Brief: Print, in exact form, the lines below from the one containing "BLACK LADY - PHOTOSHOOTING" through the one containing "Chi_Mala_Bracelet_21_JadeMala_Beads_Buddhist_Bracelet", and omit all others.

Exercise input:

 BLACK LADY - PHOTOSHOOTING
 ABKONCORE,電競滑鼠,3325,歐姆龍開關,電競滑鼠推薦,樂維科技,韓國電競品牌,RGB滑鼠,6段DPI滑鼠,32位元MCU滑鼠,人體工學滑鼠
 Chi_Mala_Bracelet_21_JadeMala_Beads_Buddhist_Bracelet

* * *

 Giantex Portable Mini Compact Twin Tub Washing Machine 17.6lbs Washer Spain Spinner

Response to this task:
 BLACK LADY - PHOTOSHOOTING
 ABKONCORE,電競滑鼠,3325,歐姆龍開關,電競滑鼠推薦,樂維科技,韓國電競品牌,RGB滑鼠,6段DPI滑鼠,32位元MCU滑鼠,人體工學滑鼠
 Chi_Mala_Bracelet_21_JadeMala_Beads_Buddhist_Bracelet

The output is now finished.